When a Stolen Token in an Archived Repo Compromised an Entire Platform
What Happened
On April 7, 2022, an attacker accessed a Heroku database and downloaded stored customer GitHub integration OAuth tokens. The entry point was a machine account token that had been committed to an archived private GitHub repository. The attacker found that token through an unidentified third-party integration that had access to the repo, then used it to pivot into Heroku’s internal database.

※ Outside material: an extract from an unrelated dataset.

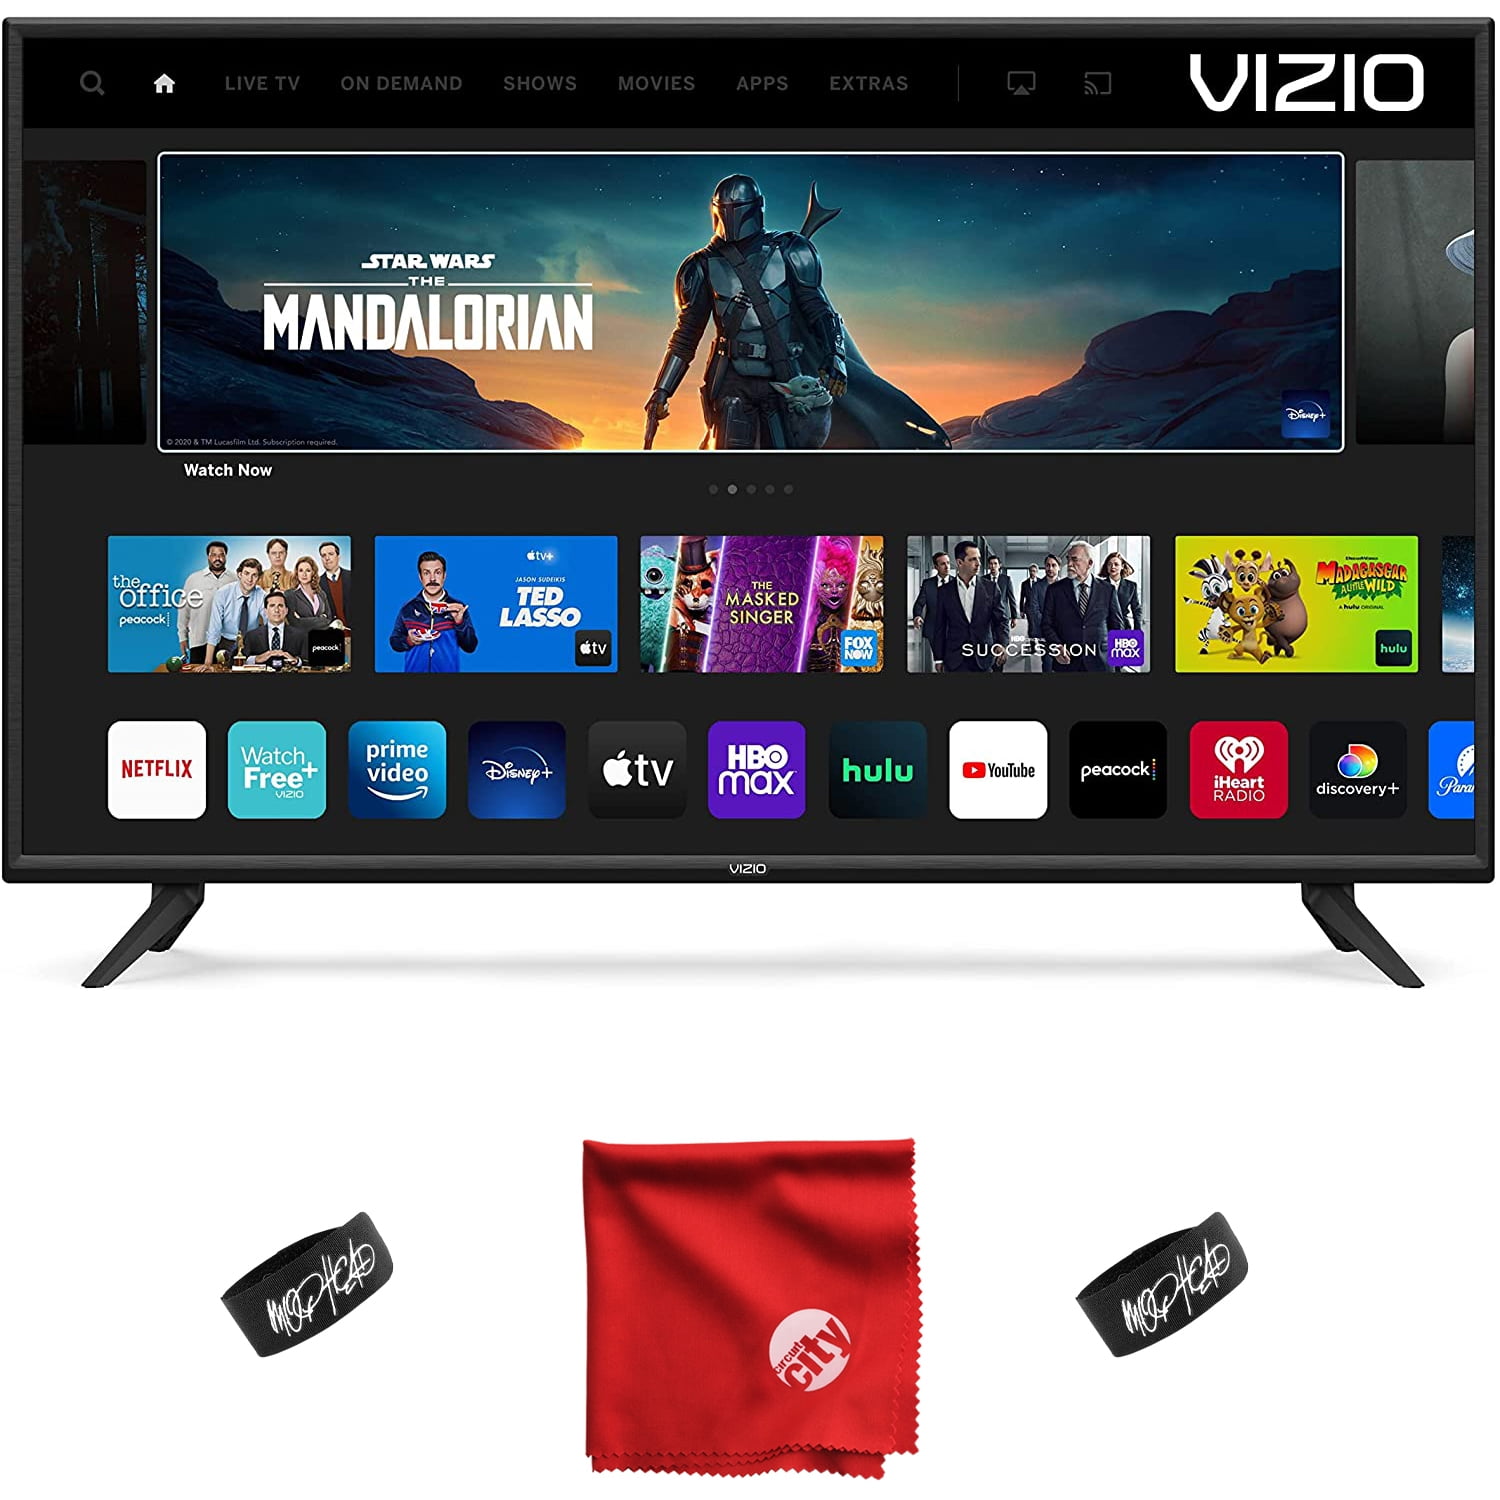 VIZIO V-Series 50-Inch 2160p 4K UHD LED Smart TV (V505-G19) with Built-in HDMI, USB, Dolby Vision HDR, Voice Control Bundle with Circuit City 6-Feet Ultra High Definition 4K HDMI Cable and Accessories

Over the next two days, the attacker enumerated customer repositories on GitHub, selectively targeted organizations, listed their private repos, and cloned repositories belonging to dozens of victims. They also downloaded Heroku’s own private source code. GitHub Security detected the unauthorized activity on April 12 and notified Salesforce (Heroku’s parent company) the next day. The investigation revealed the attacker had also exfiltrated the database containing usernames and hashed passwords for all Heroku customer accounts, plus pipeline-level config vars for Review Apps and Heroku CI.
Impact
All Heroku users were forced to reset their passwords on May 5. All existing GitHub integration OAuth tokens were revoked on April 15, breaking CI/CD pipelines for thousands of teams. The Heroku GitHub integration was disabled and remained unavailable for weeks. Dozens of organizations had private repositories accessed. npm (also owned by GitHub) was additionally impacted: the attacker used an AWS API key found in downloaded repos to access npm’s infrastructure.
Root Cause
A supply-chain attack enabled by a credential stored in source code. A machine account token existed in an archived private repo. A third-party integration with access to that repo was compromised (Heroku never identified which one). That token gave access to an internal database storing customer OAuth tokens, which gave access to customer private repos on GitHub. Each link in the chain amplified the blast radius.
Lessons
The Heroku breach is a textbook supply-chain security failure. Every OAuth integration authorized on your repos is a potential attack vector. Secrets in repos, even archived and private ones, are accessible to every integration with repo access. Broad OAuth tokens that grant access to all repos create outsized blast radius compared to scoped tokens. After the incident, the industry conversation shifted toward GitHub’s fine-grained personal access tokens and the GitHub Apps model, which limits permissions to specific repositories. The uncomfortable truth Heroku never resolved: they could not definitively identify the initial entry point, the third-party integration that was compromised first.